I'm thinking of saving up for a Valkyrie and a Thunderbolt from ForgeWorld. But, are they worth it? I like the models, but I was wondering what peoples experiences with aircraft and (somewhat more specifically) Valkyries and Thunderbolts are. Thanks people k:


----------



## torealis (Dec 27, 2006)

one of our regulars (a 14 year old) got a marauder recently, and it went together fine. if youre looking from a modelling and assembly perspective, it should be fine. and theyre lovely models.


----------



## chrisman 007 (Jan 3, 2008)

Thanks. Now it's just a question of saving up enough money.

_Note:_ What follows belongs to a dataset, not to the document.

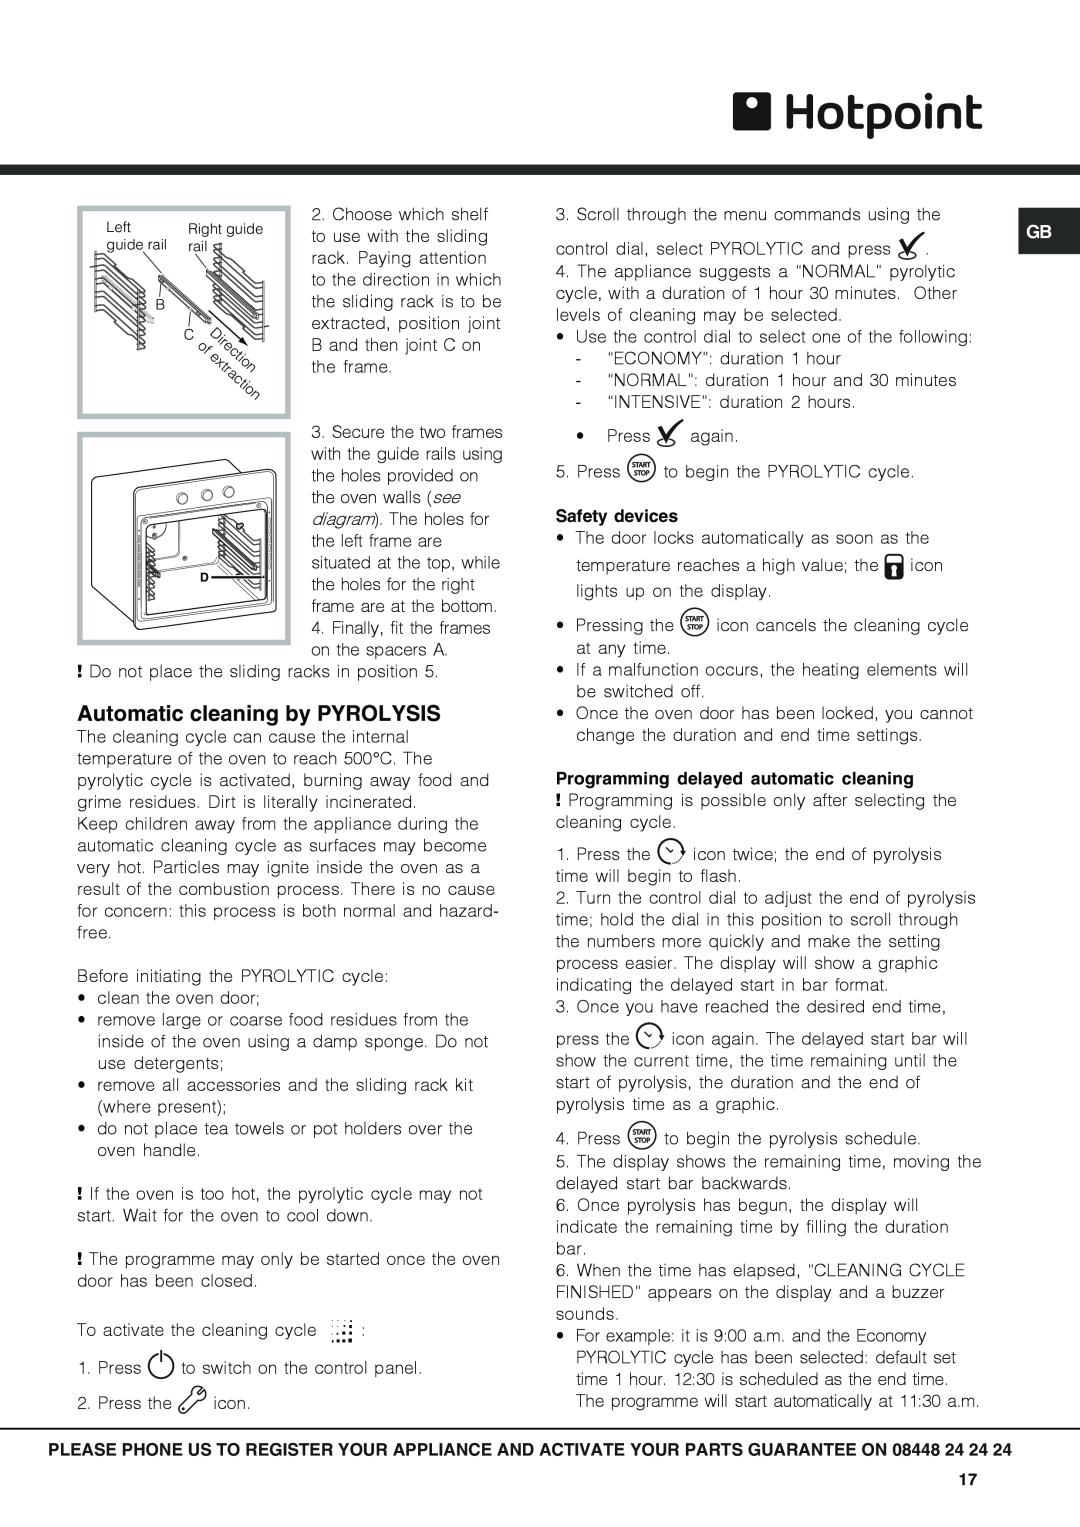 Hotpoint SX 1046Q PX, SX1046L PX operating instructions Automatic cleaning by PYROLYSIS

Lets see...thats a year and a half worth of pocket money!


----------



## Dirge Eterna (Apr 30, 2007)

They're a blast to paint, especially the Valkyrie. I love that model...I have one simply for the modelling aspect, but they're among the best cheap drop aircraft in the game. AV11, but nobody ever hits it unless you land the thing.

-Dirge


----------



## chrisman 007 (Jan 3, 2008)

Damn, they've gone up in price! They were £55 last time I checked!


----------



## Bogg (Mar 2, 2008)

My mate Ordered a Thunderbolt from Forge World, and got a Valkyrie. He rang in , and they sent the real Thunderbolt for free, So now Im faced with one of em or both each time we fight =),

They work great...and with a high nuiscance factor. It drives my Chaos army insane, So I had to order the Hellblade, just to shoot his tanks down, Gives much flavour to the game


----------



## Sons of Russ (Dec 29, 2007)

I have a T-Bolt as well, although its still in the box.:blush:

Highly effective anti-tank platform. Probably the best anti-skimmer [anti-falcon] threat the Imperium can muster. Four Autocannons in two twinlinked mounts. A twin linked lascannon. The ability to outmanuevre and attack skimmer tanks in their AV 10 ass every time. Priceless.k:


----------



## JDMJapan (Jan 3, 2010)

Hell ya, For 50 bucks you get a Flying, Transporting Whirlwind!


----------



## FatBoyFat (Feb 23, 2009)

for the valk, why spend so much on the forgeworld one? you can get plastic from gw for £35
http://www.games-workshop.com/gws/catalog/productDetail.jsp?catId=cat1300110&prodId=prod1900035


----------



## MetalHandkerchief (Aug 3, 2009)

Yeah, I was going to say that too. Unless there is some significant benefit to the Forge World one I don't know of.


----------



## The Thunder of KayVaan (Jun 19, 2009)

guys and gals as it may be this topic was made in 08" thats why they are talkingabout the forge world ones


----------